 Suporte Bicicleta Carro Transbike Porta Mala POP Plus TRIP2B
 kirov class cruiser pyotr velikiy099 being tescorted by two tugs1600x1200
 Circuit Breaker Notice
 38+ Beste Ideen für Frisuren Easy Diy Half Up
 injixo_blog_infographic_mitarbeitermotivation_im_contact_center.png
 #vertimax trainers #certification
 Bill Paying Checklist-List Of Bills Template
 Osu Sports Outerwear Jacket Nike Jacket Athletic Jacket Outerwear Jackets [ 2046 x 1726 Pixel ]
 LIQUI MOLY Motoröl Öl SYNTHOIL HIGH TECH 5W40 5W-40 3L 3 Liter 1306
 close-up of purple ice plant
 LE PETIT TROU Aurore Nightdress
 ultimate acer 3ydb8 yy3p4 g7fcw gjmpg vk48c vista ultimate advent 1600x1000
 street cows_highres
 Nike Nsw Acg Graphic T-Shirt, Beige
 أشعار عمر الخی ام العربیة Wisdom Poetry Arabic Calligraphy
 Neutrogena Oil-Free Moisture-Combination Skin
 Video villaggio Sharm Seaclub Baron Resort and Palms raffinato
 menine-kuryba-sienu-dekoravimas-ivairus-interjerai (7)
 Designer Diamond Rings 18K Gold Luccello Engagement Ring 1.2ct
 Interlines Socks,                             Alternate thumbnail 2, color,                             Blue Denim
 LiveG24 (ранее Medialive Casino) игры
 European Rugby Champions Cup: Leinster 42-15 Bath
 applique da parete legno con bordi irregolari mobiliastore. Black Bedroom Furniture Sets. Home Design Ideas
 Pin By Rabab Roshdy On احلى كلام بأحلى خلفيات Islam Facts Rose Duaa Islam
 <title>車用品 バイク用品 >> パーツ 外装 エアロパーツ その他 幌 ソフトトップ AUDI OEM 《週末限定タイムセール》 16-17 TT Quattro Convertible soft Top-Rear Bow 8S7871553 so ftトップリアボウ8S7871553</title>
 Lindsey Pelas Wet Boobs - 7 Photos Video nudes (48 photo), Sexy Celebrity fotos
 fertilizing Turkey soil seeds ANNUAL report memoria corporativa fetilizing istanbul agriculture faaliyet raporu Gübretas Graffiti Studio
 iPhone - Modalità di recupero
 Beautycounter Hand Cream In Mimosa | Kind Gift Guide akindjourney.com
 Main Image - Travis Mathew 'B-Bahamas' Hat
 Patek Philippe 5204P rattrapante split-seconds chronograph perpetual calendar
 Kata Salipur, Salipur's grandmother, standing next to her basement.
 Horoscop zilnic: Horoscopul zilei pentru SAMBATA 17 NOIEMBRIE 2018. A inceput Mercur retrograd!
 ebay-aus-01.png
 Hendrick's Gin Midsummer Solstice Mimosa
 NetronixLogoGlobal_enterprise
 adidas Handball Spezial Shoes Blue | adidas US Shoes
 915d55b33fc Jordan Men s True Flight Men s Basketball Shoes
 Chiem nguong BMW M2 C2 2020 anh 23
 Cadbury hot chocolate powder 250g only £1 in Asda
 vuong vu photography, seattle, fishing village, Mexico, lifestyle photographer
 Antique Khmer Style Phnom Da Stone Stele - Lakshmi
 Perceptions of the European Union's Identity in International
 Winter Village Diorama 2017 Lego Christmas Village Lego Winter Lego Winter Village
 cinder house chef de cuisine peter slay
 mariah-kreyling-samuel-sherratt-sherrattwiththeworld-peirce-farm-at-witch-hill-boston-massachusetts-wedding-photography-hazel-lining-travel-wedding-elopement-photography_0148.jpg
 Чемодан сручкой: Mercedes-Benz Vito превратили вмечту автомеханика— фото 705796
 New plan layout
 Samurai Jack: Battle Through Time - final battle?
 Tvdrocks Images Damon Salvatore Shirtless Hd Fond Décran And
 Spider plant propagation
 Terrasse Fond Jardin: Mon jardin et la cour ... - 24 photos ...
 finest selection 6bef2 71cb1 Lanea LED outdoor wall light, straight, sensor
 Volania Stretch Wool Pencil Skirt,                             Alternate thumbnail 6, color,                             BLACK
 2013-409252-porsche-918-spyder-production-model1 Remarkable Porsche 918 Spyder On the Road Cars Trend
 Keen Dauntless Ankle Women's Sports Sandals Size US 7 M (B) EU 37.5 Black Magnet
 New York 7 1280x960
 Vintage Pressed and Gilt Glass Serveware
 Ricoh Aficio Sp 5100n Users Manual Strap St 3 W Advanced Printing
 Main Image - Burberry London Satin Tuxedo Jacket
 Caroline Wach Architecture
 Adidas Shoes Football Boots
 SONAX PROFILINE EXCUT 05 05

- [WHAT TO DO] Return the opening line of the data and every line after it through the line containing "Patek Philippe 5204P", please, exactly as written and with nothing added.

- [RESULT]
 Suporte Bicicleta Carro Transbike Porta Mala POP Plus TRIP2B
 kirov class cruiser pyotr velikiy099 being tescorted by two tugs1600x1200
 Circuit Breaker Notice
 38+ Beste Ideen für Frisuren Easy Diy Half Up
 injixo_blog_infographic_mitarbeitermotivation_im_contact_center.png
 #vertimax trainers #certification
 Bill Paying Checklist-List Of Bills Template
 Osu Sports Outerwear Jacket Nike Jacket Athletic Jacket Outerwear Jackets [ 2046 x 1726 Pixel ]
 LIQUI MOLY Motoröl Öl SYNTHOIL HIGH TECH 5W40 5W-40 3L 3 Liter 1306
 close-up of purple ice plant
 LE PETIT TROU Aurore Nightdress
 ultimate acer 3ydb8 yy3p4 g7fcw gjmpg vk48c vista ultimate advent 1600x1000
 street cows_highres
 Nike Nsw Acg Graphic T-Shirt, Beige
 أشعار عمر الخی ام العربیة Wisdom Poetry Arabic Calligraphy
 Neutrogena Oil-Free Moisture-Combination Skin
 Video villaggio Sharm Seaclub Baron Resort and Palms raffinato
 menine-kuryba-sienu-dekoravimas-ivairus-interjerai (7)
 Designer Diamond Rings 18K Gold Luccello Engagement Ring 1.2ct
 Interlines Socks,                             Alternate thumbnail 2, color,                             Blue Denim
 LiveG24 (ранее Medialive Casino) игры
 European Rugby Champions Cup: Leinster 42-15 Bath
 applique da parete legno con bordi irregolari mobiliastore. Black Bedroom Furniture Sets. Home Design Ideas
 Pin By Rabab Roshdy On احلى كلام بأحلى خلفيات Islam Facts Rose Duaa Islam
 <title>車用品 バイク用品 >> パーツ 外装 エアロパーツ その他 幌 ソフトトップ AUDI OEM 《週末限定タイムセール》 16-17 TT Quattro Convertible soft Top-Rear Bow 8S7871553 so ftトップリアボウ8S7871553</title>
 Lindsey Pelas Wet Boobs - 7 Photos Video nudes (48 photo), Sexy Celebrity fotos
 fertilizing Turkey soil seeds ANNUAL report memoria corporativa fetilizing istanbul agriculture faaliyet raporu Gübretas Graffiti Studio
 iPhone - Modalità di recupero
 Beautycounter Hand Cream In Mimosa | Kind Gift Guide akindjourney.com
 Main Image - Travis Mathew 'B-Bahamas' Hat
 Patek Philippe 5204P rattrapante split-seconds chronograph perpetual calendar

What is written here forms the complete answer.